Hail to the Dinosaurs!
Let's start the day by covering my top 10
training tips for older Dinos.
1. Keep training. If you stop, it's really
tough to get back into it -- and it will
take a l-o-n-g time to get back to your
previous levels of strength and condition.
It's much better to start and stay with it.
2. Do what you like best. For me, that's
Olympic weightlifting. For others, it's
powerlifting, strongman training, body-
weight exercises, stone lifting, heavy
sandbags, power bodybuilding, muscle
control or power rack work.
a. You're old enough to know what you
like -- so do it!
3. Dress for success. Wear good lifting shoes
when you train. Keep your muscles warm. If
your knees hurt, use Tommy Kono knee
sleeves.
3a. Tiger Balm can be your best friend.
4. Work around the sore spots. If a particular
exercise hurts -- and ALL older trainees have
at least one exercise that hurts -- find a
substitute.
5. If squats are a problem -- and they are
for many older trainees -- try the Trap Bar
deadlift. It's one of the great training tools
for anyone, but it's especially good for older
trainees.
5a. I like the Gerard Trap Bar -- the ORIGINAL
Trap Bar designed by engineer and powerlifter,
Al Gerard. You can get it from John Wood, who
also offers some excellent Trap Bar training
guides:
http://www.trapbartraining.com
6. Work on strength, but don't neglect speed,
power, balance, coordination, timing, flexibility
and mobility. You need it all to age with success.

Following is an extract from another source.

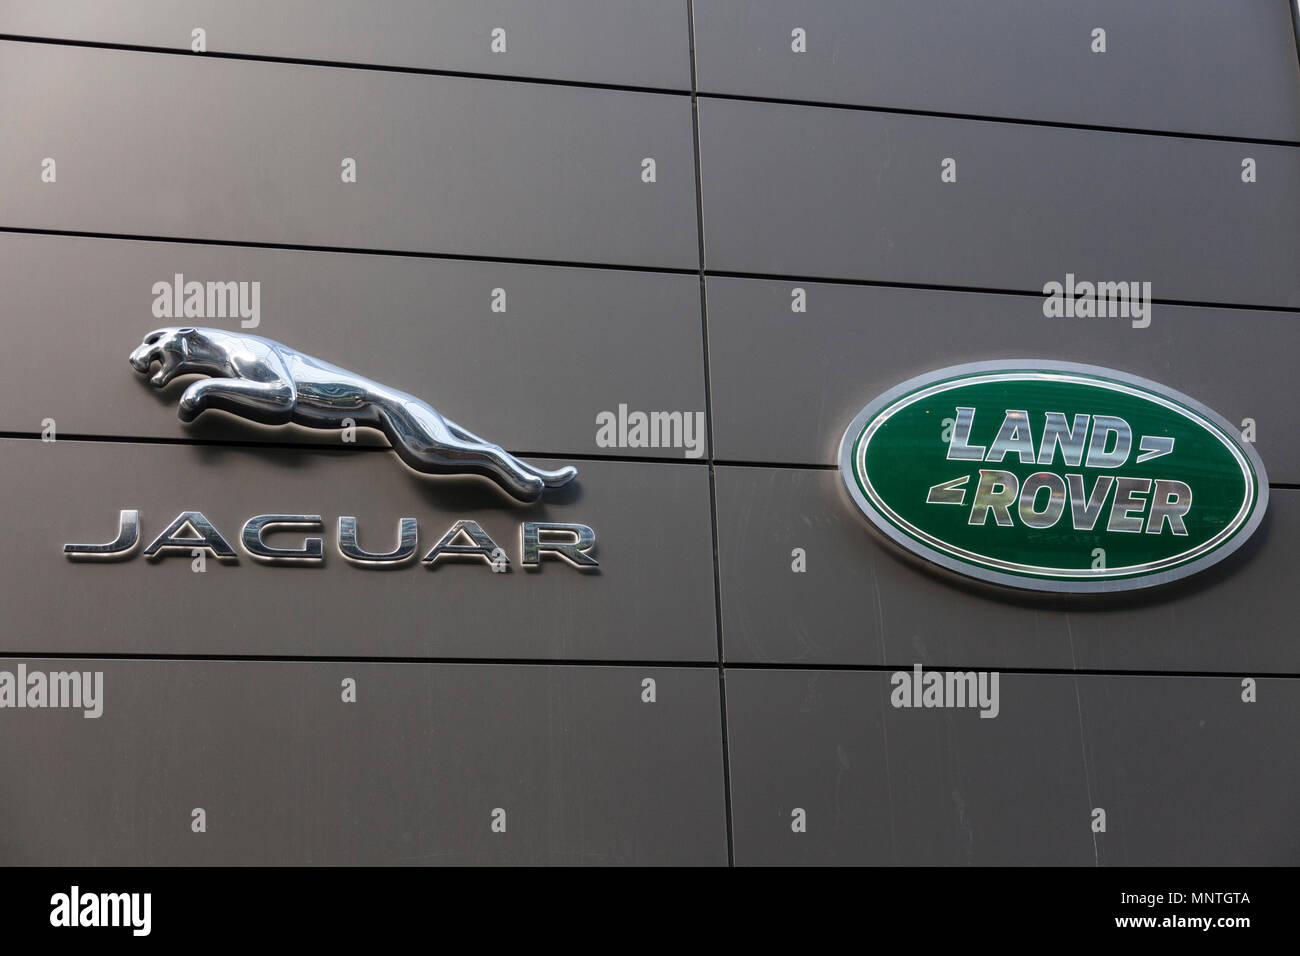 Jaguar Land Rover d'exposition à Westfield Stratford, à Londres Banque D'Images

6a. Also, do some cardio training! (But don't
over-do it.)
7. Watch your weight! Don't let the Lard Lumps
pile up -- and if you already have them, get rid
of them. Nothing ages you faster than Lard
Lumps.
8. Stay active. The more you move, and the
more often you move, the better. Try to do
something physical every day -- not heavy
training or hard cardio, but something
physical, even if it's just walking the dog
or working in the garden.
9. Forget about what you lifted when you
were younger, and focus on what you can
lift NOW -- and then work to increase your
current best.
9a. The idea is to get better, not older.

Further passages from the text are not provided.